Start of Block

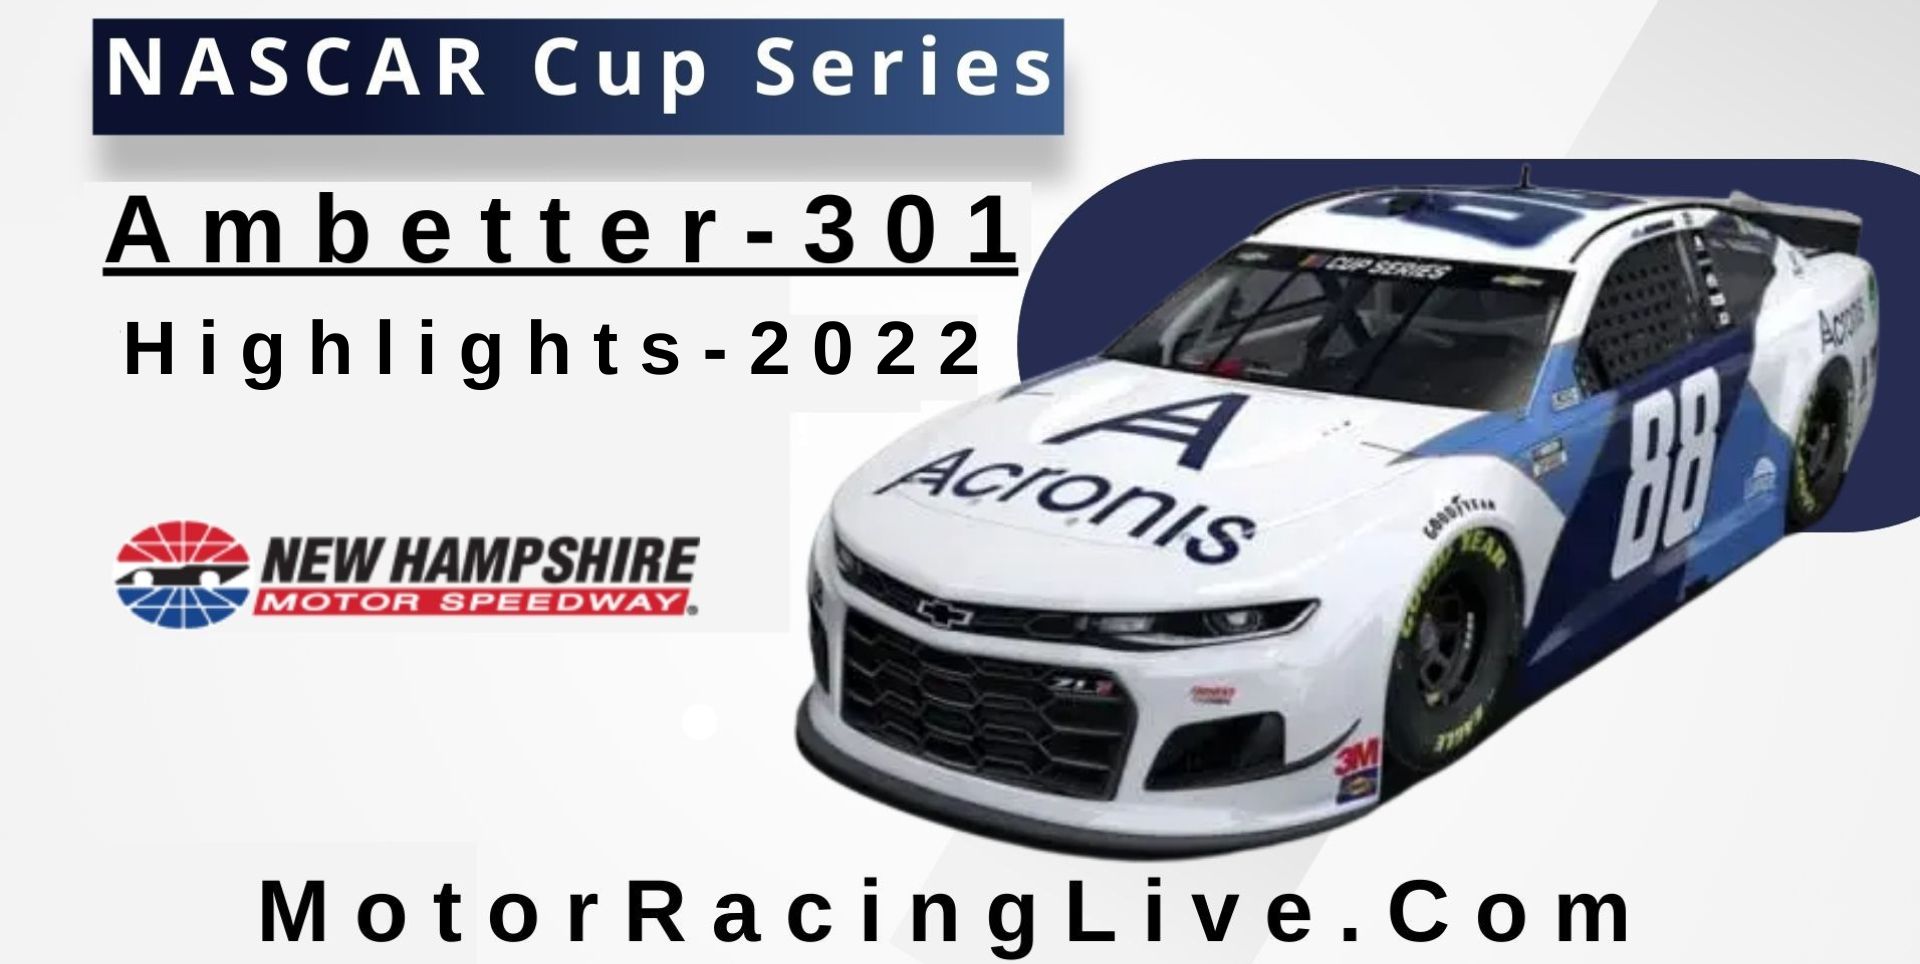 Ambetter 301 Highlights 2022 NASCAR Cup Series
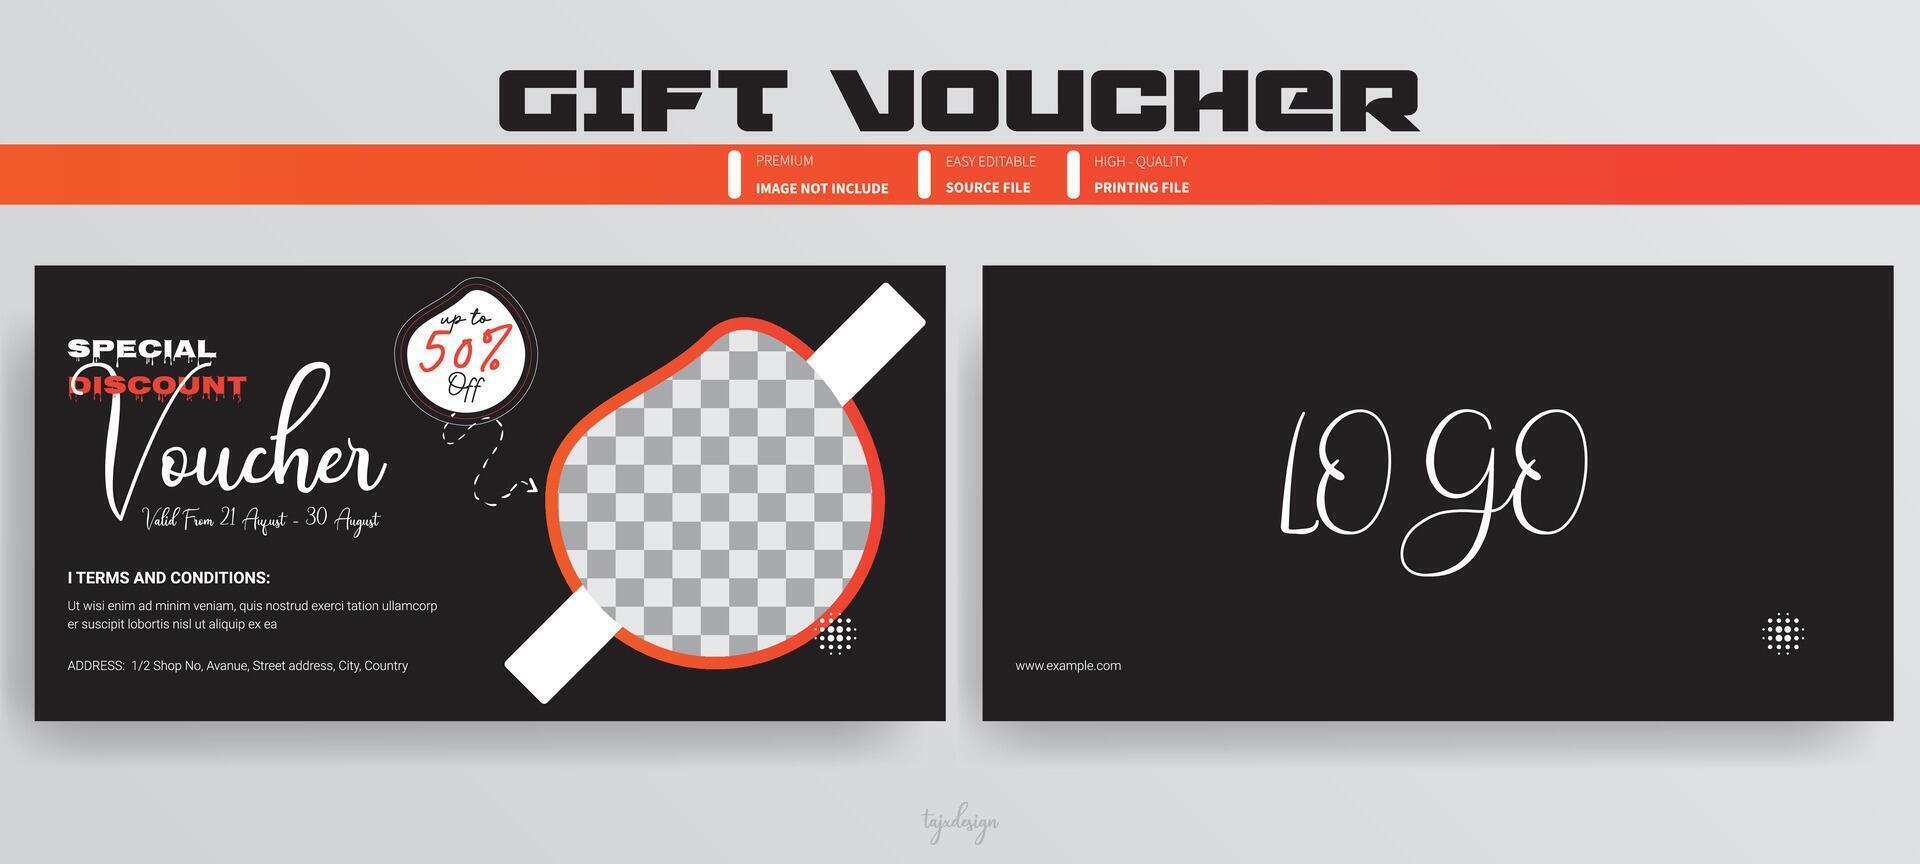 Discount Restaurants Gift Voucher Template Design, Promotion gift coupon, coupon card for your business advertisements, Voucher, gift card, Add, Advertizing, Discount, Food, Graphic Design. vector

End of Block
Start of Block

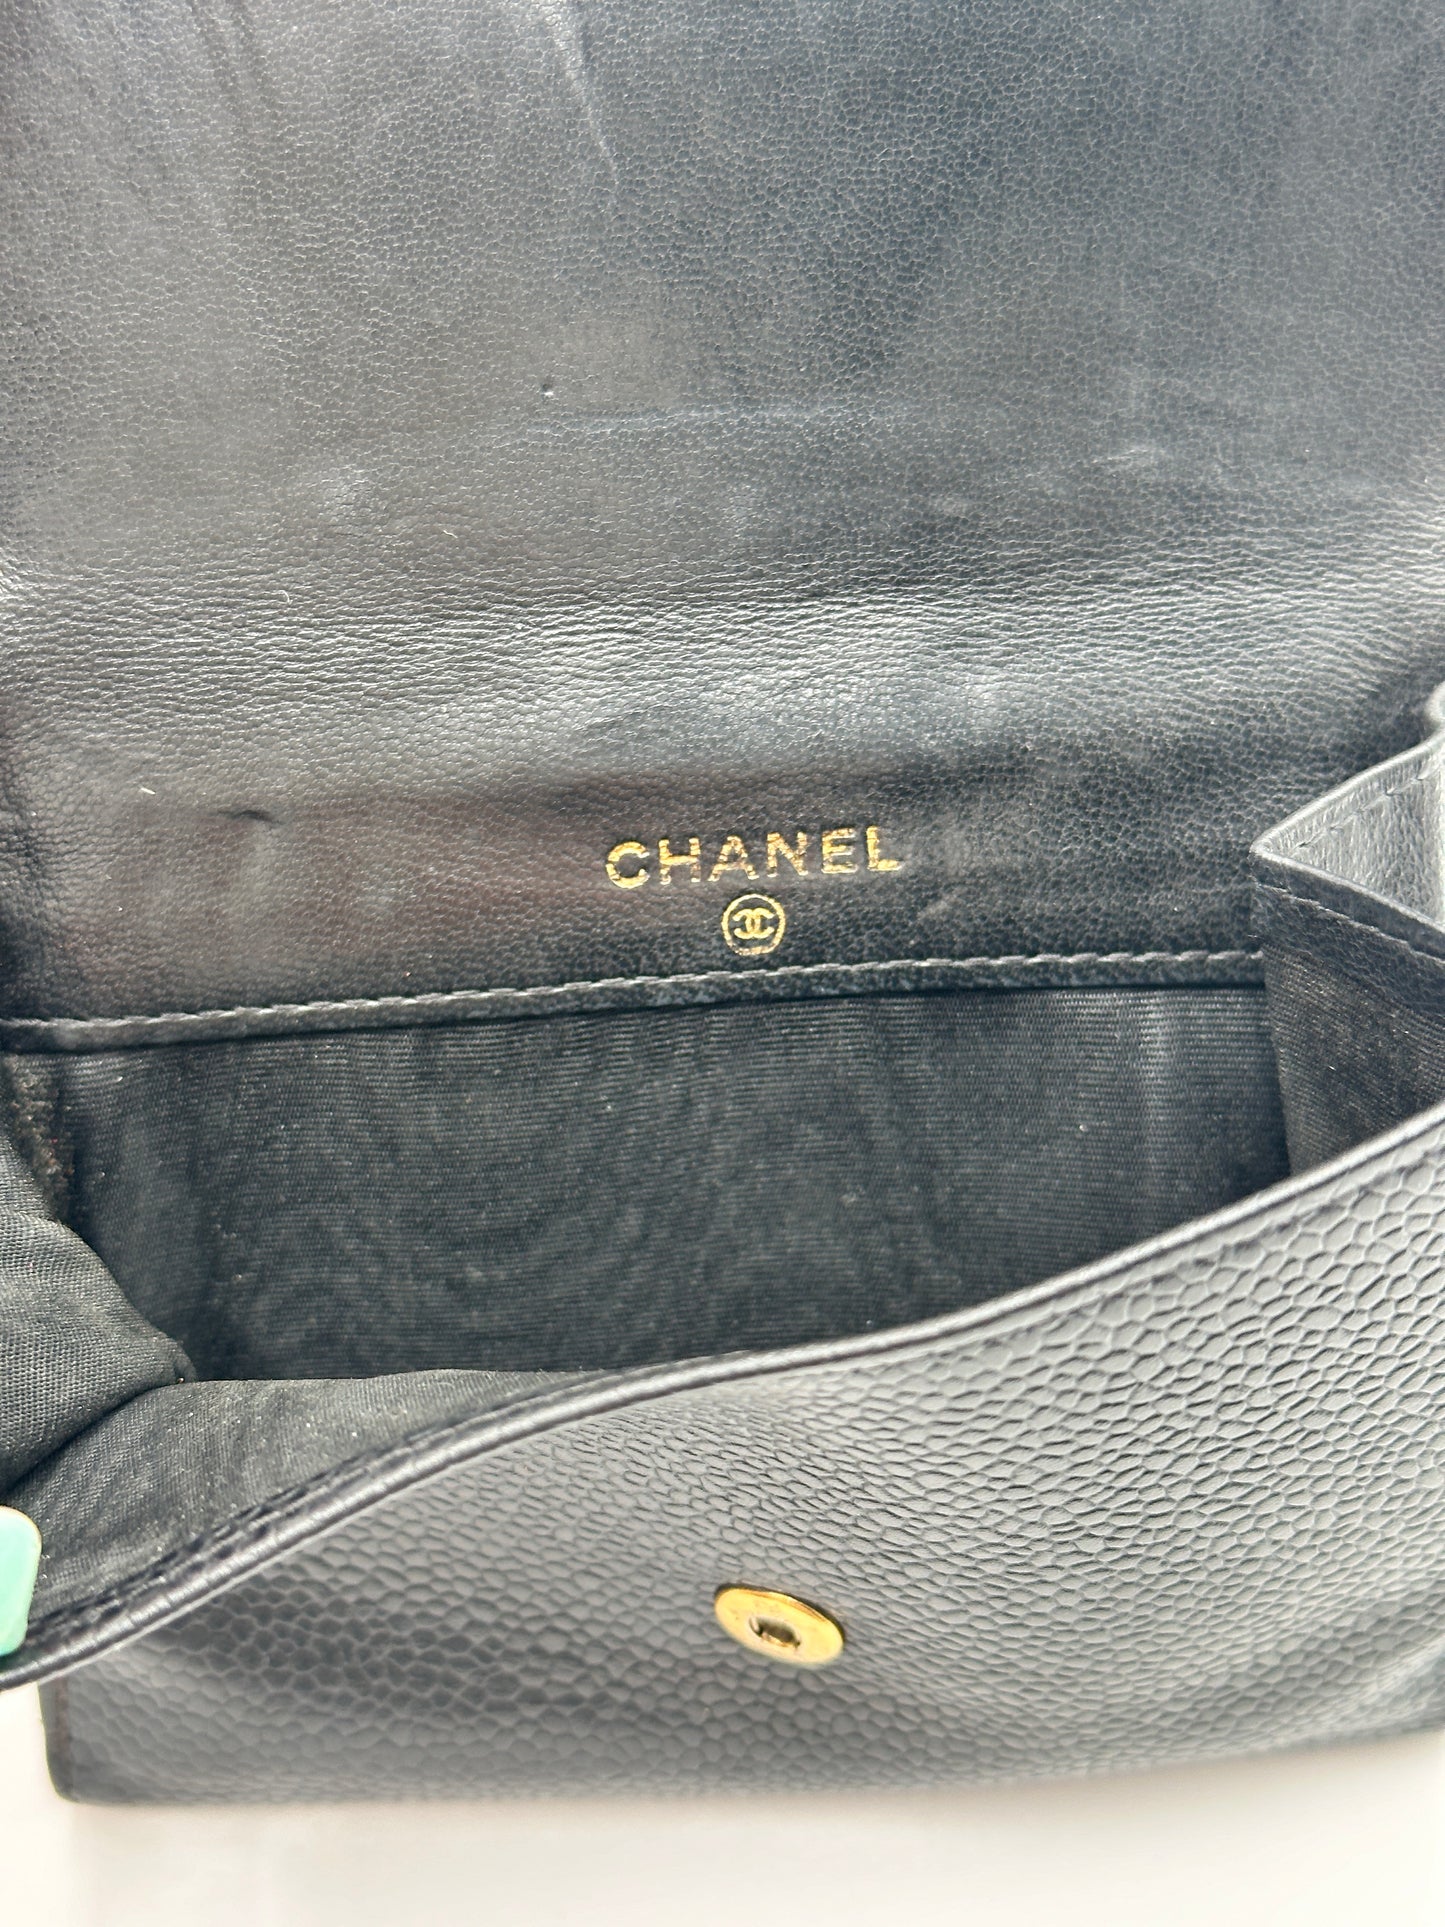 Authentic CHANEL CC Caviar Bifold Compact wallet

End of Block
Start of Block

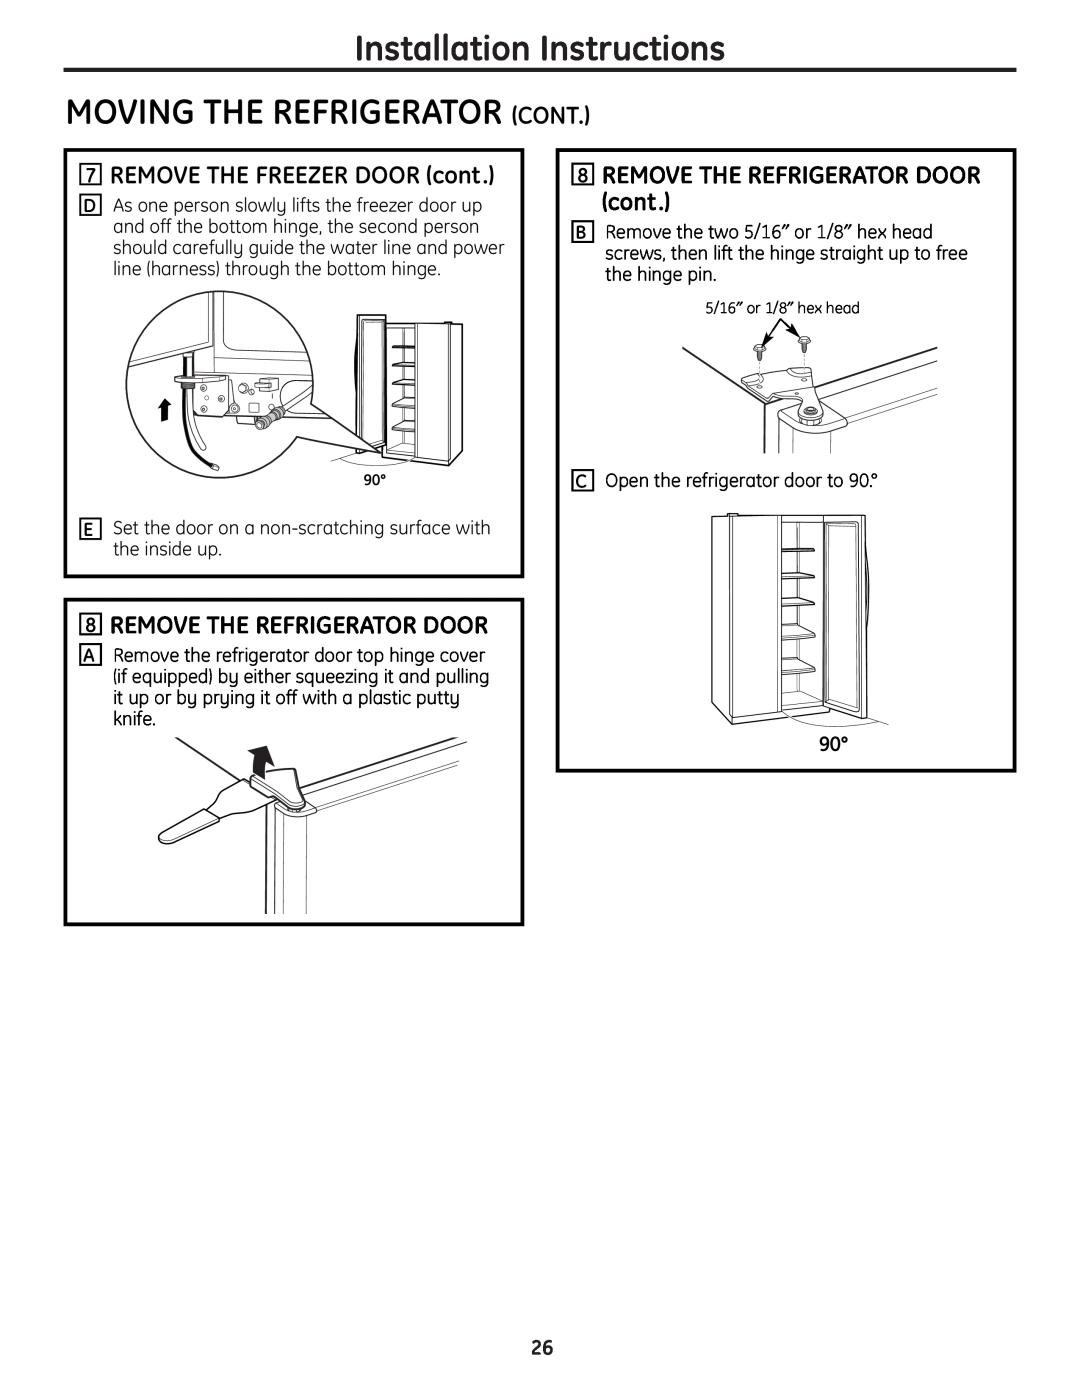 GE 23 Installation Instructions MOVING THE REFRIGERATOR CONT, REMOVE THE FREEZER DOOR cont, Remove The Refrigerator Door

End of Block

→ PROMPT: Beginning at the line that has "Ambetter 301 Highlights" and ending at the line that has "Discount Restaurants Gift", restate the listing above word for word, pictures left out.

→ SOLUTION:
 Ambetter 301 Highlights 2022 NASCAR Cup Series
 Discount Restaurants Gift Voucher Template Design, Promotion gift coupon, coupon card for your business advertisements, Voucher, gift card, Add, Advertizing, Discount, Food, Graphic Design. vector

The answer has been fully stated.